Skip any of these and you get parity with Puma at the same -t. Run the bench yourself: MODE=async DATABASE_URL=... PG_POOL_SIZE=200 bundle exec hyperion --async-io -t 5 bench/pg_concurrent.ru (in the hyperion-async-pg repo).

TLS + async-pg note (1.4.0+). TLS / HTTPS already runs each connection on a fiber under Async::Scheduler (the TLS path always uses start_async_loop for the ALPN handshake). As of 1.4.0, the post-handshake app.call for HTTP/1.1-over-TLS dispatches inline on the calling fiber by default — so fiber-cooperative libraries (hyperion-async-pg, async-redis) work on the TLS h1 path without needing --async-io. The Async-loop cost is already paid for the handshake; running the handler under the existing scheduler just preserves that context instead of stripping it on a thread-pool hop. h2 streams are always fiber-dispatched and benefit from async-pg without the flag.

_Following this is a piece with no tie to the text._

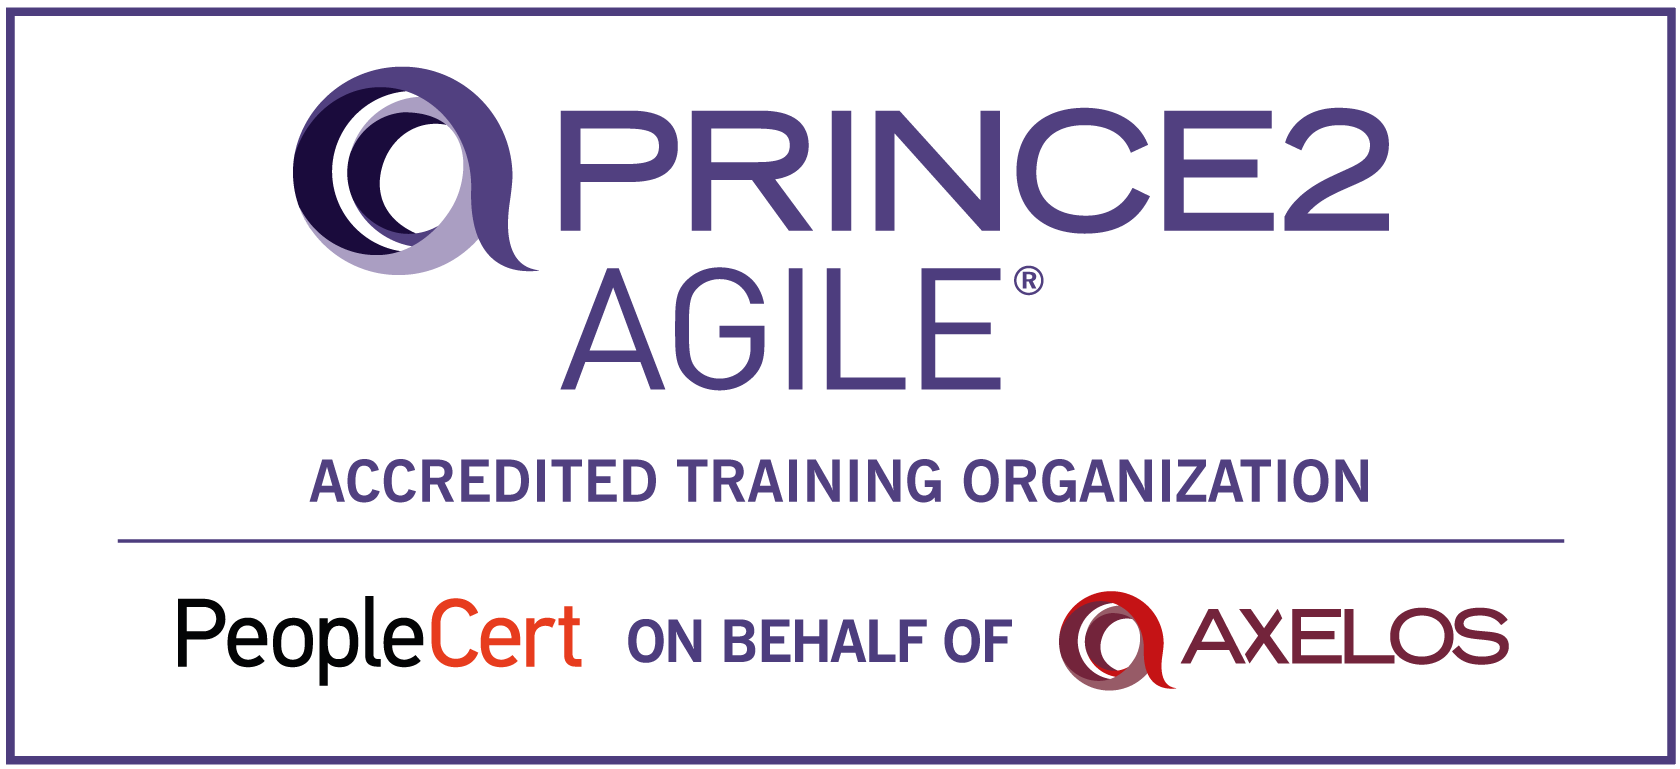 PRINCE2 Agile ATO

Operators who specifically want TLS + threadpool dispatch (e.g. CPU-heavy handlers competing for OS threads, where you'd rather not pay fiber yields and want true OS-thread parallelism on a synchronous handler) can pass async_io: false in the config to force the pool branch back on. The three-way async_io setting:

  • nil (default): plain HTTP/1.1 → pool, TLS h1 → inline.
  • true: plain HTTP/1.1 → inline, TLS h1 → inline (force fiber dispatch everywhere; needed for hyperion-async-pg on plain HTTP).
  • false: plain HTTP/1.1 → pool, TLS h1 → pool (explicit opt-out for TLS+threadpool).

CPU-bound JSON workload

bench/work.ru — handler builds a 50-key fixture, JSON-encodes a fresh response per request (~8 KB body), processes a 6-cookie header chain. wrk -t4 -c200 -d15s, macOS arm64 / Ruby 3.3.3, 1.2.0:

r/s p99 tail vs Hyperion
Falcon --count 4 46,166 20.17 ms 24× worse
Hyperion -w 4 -t 5 43,924 824 µs
Puma -w 4 -t 5:5 36,383 166.30 ms (47 socket errors) 200× worse

1.21× Puma throughput, 200× lower p99. This is the gap that hides behind PG-round-trip noise on the DB bench. Hyperion's per-request CPU savings (lock-free per-thread metrics, frozen header keys in the Rack adapter, C-ext response head builder, cached iso8601 timestamps, cached HTTP Date header) land on the wire when the workload is CPU-bound. Falcon edges us 5% on raw r/s but with 24× worse tail — a different tradeoff curve. Reproduce: bundle exec bin/hyperion -w 4 -t 5 -p 9292 bench/work.ru.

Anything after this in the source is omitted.